The next day, Nick and Vera left for Serbia. Nick never returned.
Intrigue overseas
Family members grew concerned as months went by. Communications purportedly from Nick aroused suspicions, according to Maria’s allegations in the case. Then, in the fall of 2012, there was no further word from Nick at all.
In January 2013, one of Nick’s neighbors called Maria to say someone was moving furniture out of Nick’s house. Maria found Vera at the house. After some evasion, Vera told her that Nick had died, according to Maria’s account.
In Nick’s house that day, Maria and her husband found the photocopy of Nick’s handwritten will. The original never turned up.
“They never could find it,” Barker said.
A Serbian death certificate showed Nick had died on Nov. 29, 2012.
Vera produced a will apparently executed with all the formalities in Serbia on Sept. 9, 2012. Vera said Nick wanted the will to be “like a present” for her. It left three properties, stock and cash to Vera, and it included criticism of relatives who were disinherited.
Vera explained that she and Nick went through a lengthy process to prepare the document in Serbia, in part because she could not read or write English and Nick did not speak Serbian.
Vera testified Nick made notes in English which she changed to Serbian and then presented to a certified court interpreter with instructions to prepare a will in English. The interpreter said he never met Nick.
Two attesting witnesses claimed under oath to have witnessed Nick signing the new will and said they all signed in the presence of one another. If unchallenged, that procedure would make the will valid under Virginia law, Hammond said.
New will is challenged
When the evidence came in at a two-day bench trial in April, however, Hammond found reason to question the authenticity of Vera’s will.
“It is clear from the evidence that the 2012 Will is an elaborate fake. There are so many preposterous circumstances undermining Vera’s case,” Hammond wrote.
A forensic expert examined the interpreter’s computer files and – using metadata in a Word document – determined the 2012 will was created after Nick’s death.
The will itself had flaws, Hammond said.
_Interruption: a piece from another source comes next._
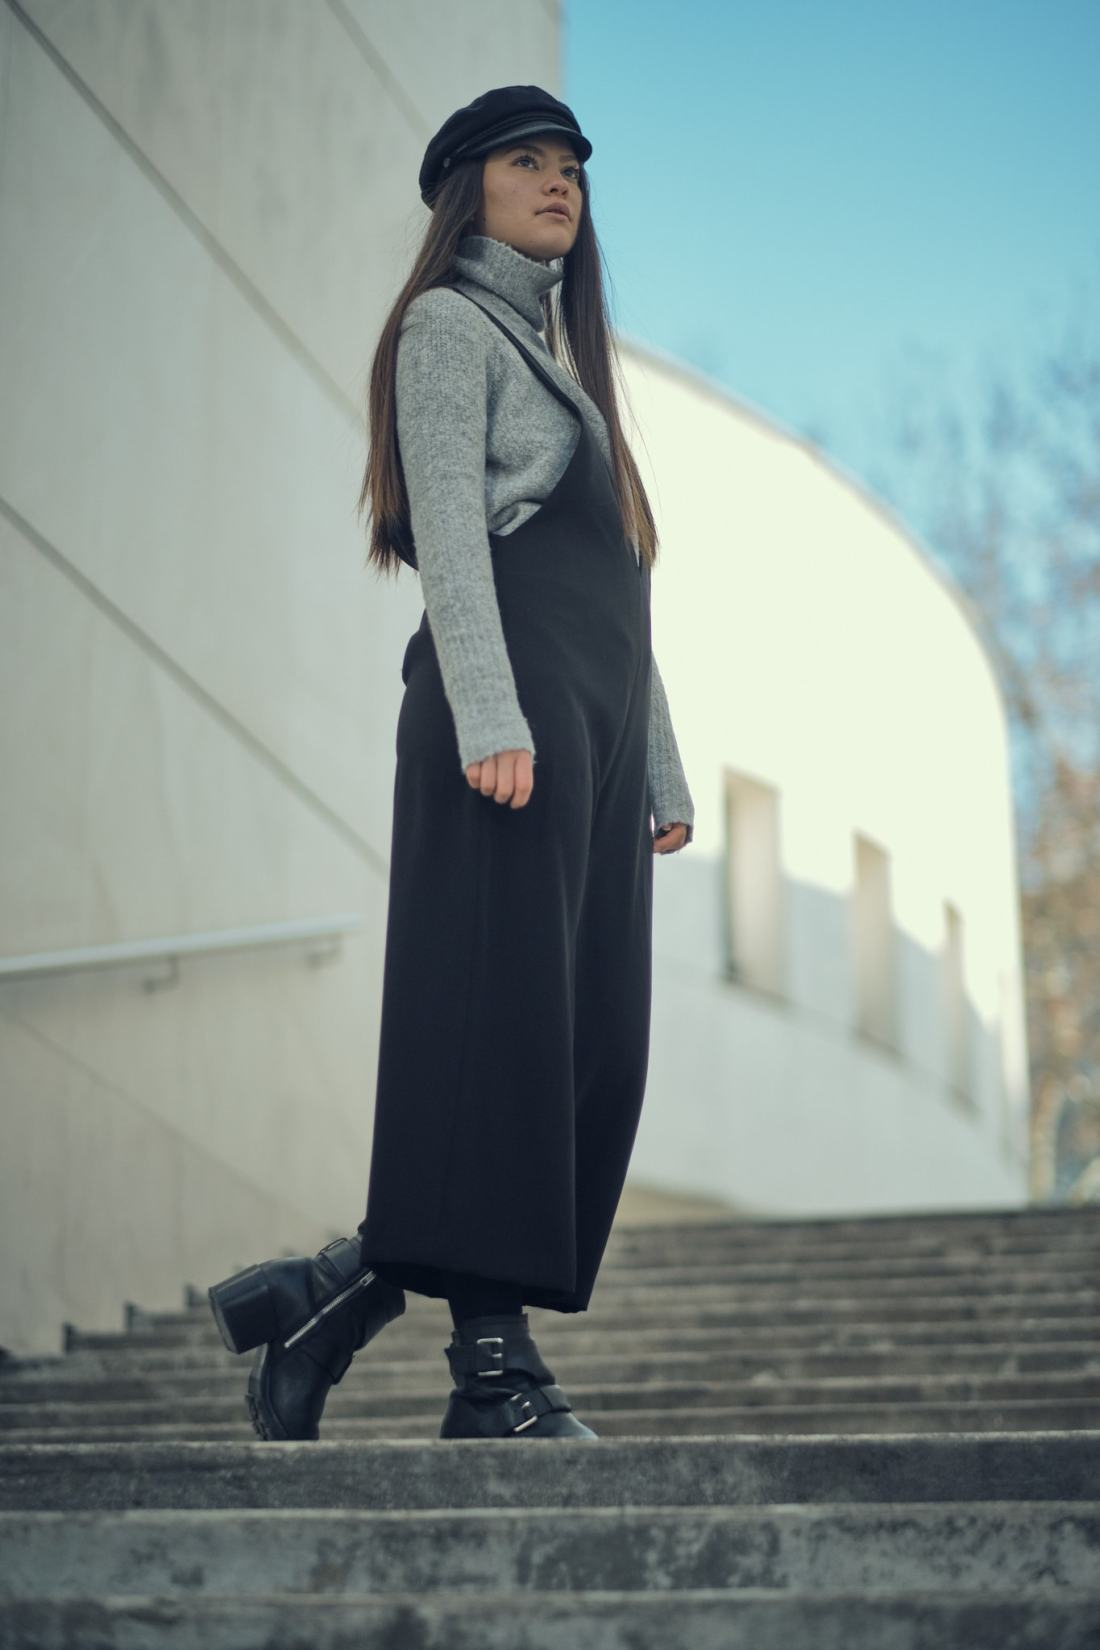 casquette-marin-fashion-blogger-blog-mode-paris-8-min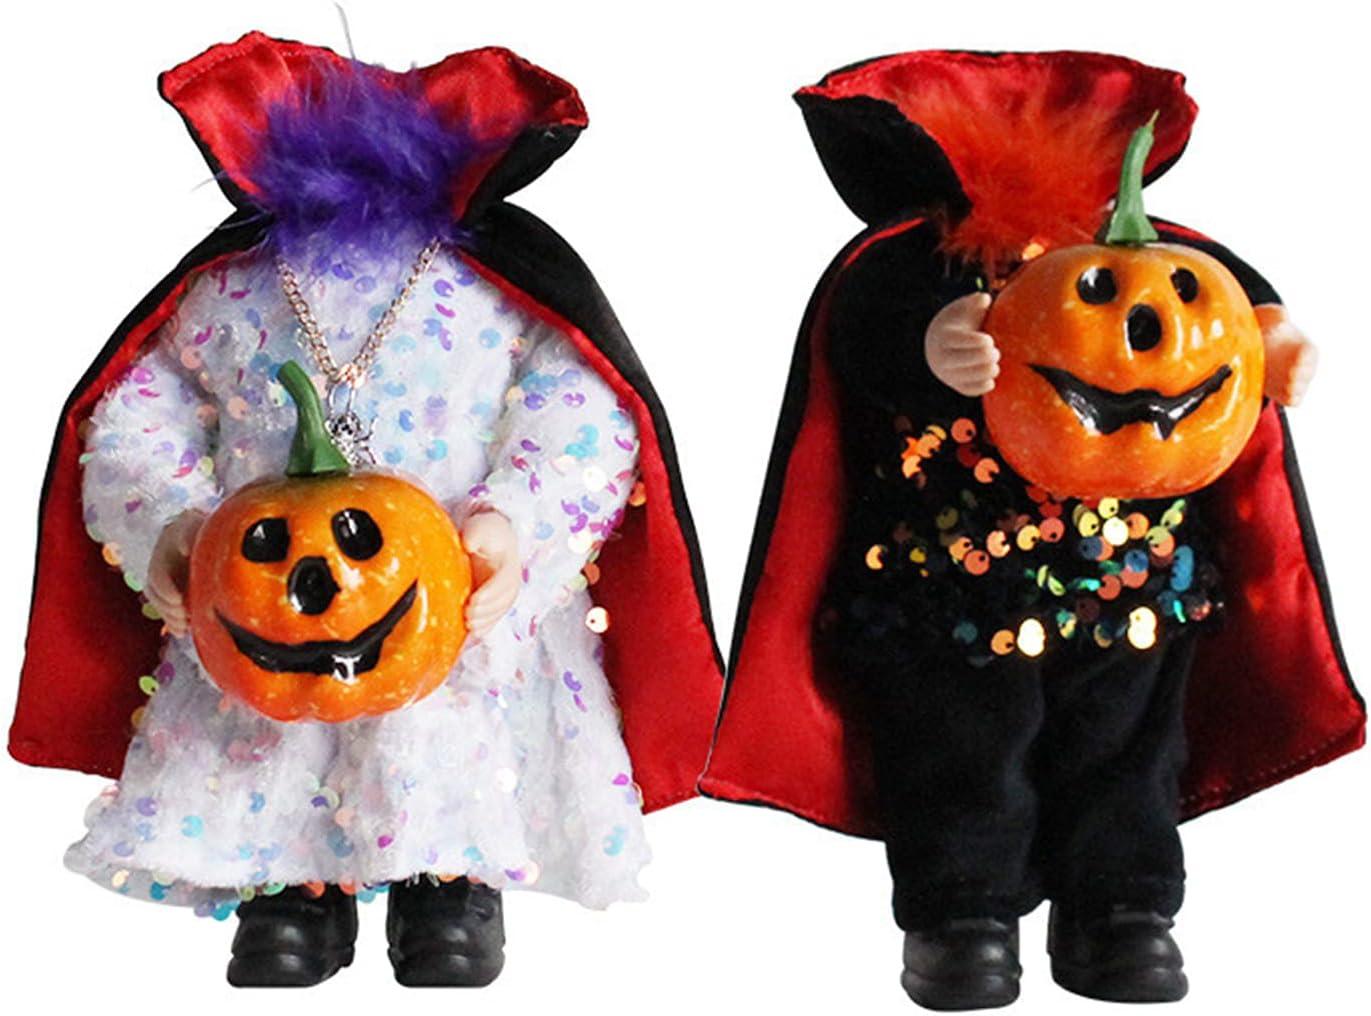 2 Pcs Halloween Gnomes Plush Reservation Handmade Direct stock discount Table Decor Pumpkin H Doll

Although Vera testified Nick had checked the will carefully, names of family members were misspelled. References to amounts in bank accounts were erroneous, despite Nick’s fastidious recording of his finances.
A Serbian housekeeper who stood to benefit under Vera’s proffered will nevertheless undermined its authenticity. In a written deposition taken through the U.S. Embassy in Serbia, she denied the widow’s claim that she had witnessed Nick sign the new will.
Hammond also found Vera’s testimony to be contradictory and evasive. The judge concluded the will was created after Nick’s death.
“It is somewhat astonishing that the two attesting witnesses would give false testimony, but there you have it,” Hammond said.
Vera then challenged the copy of Nick’s handwritten will, but Hammond said three disinterested witnesses had testified that it was Nick’s handwriting and signature. The will written out by Nick before leaving for Serbia was the controlling document, under Hammond’s decision.
Hammond found no cause to question the presumption that the original had been lost, clearing the way for the copy to be admitted to probate.
Hammond even allowed the typed version of that will to be admitted under the 2012 version of Va. Code § 64.2-404, Virginia’s version of a uniform probate code. Hammond said the typed will – with three witnesses testifying to the signature – met the statute’s clear and convincing standard.
Hammond denied Maria’s requests for an accounting of Vera’s expenditures after Nick’s death and also denied Maria’s claim for attorney’s fees.
Hammond’s May 29 opinion is Palesis v. Hlouverakis (VLW 014-8-062).
Vera was represented by Richmond lawyer Kevin W. Motley, who did not respond to a request for comment.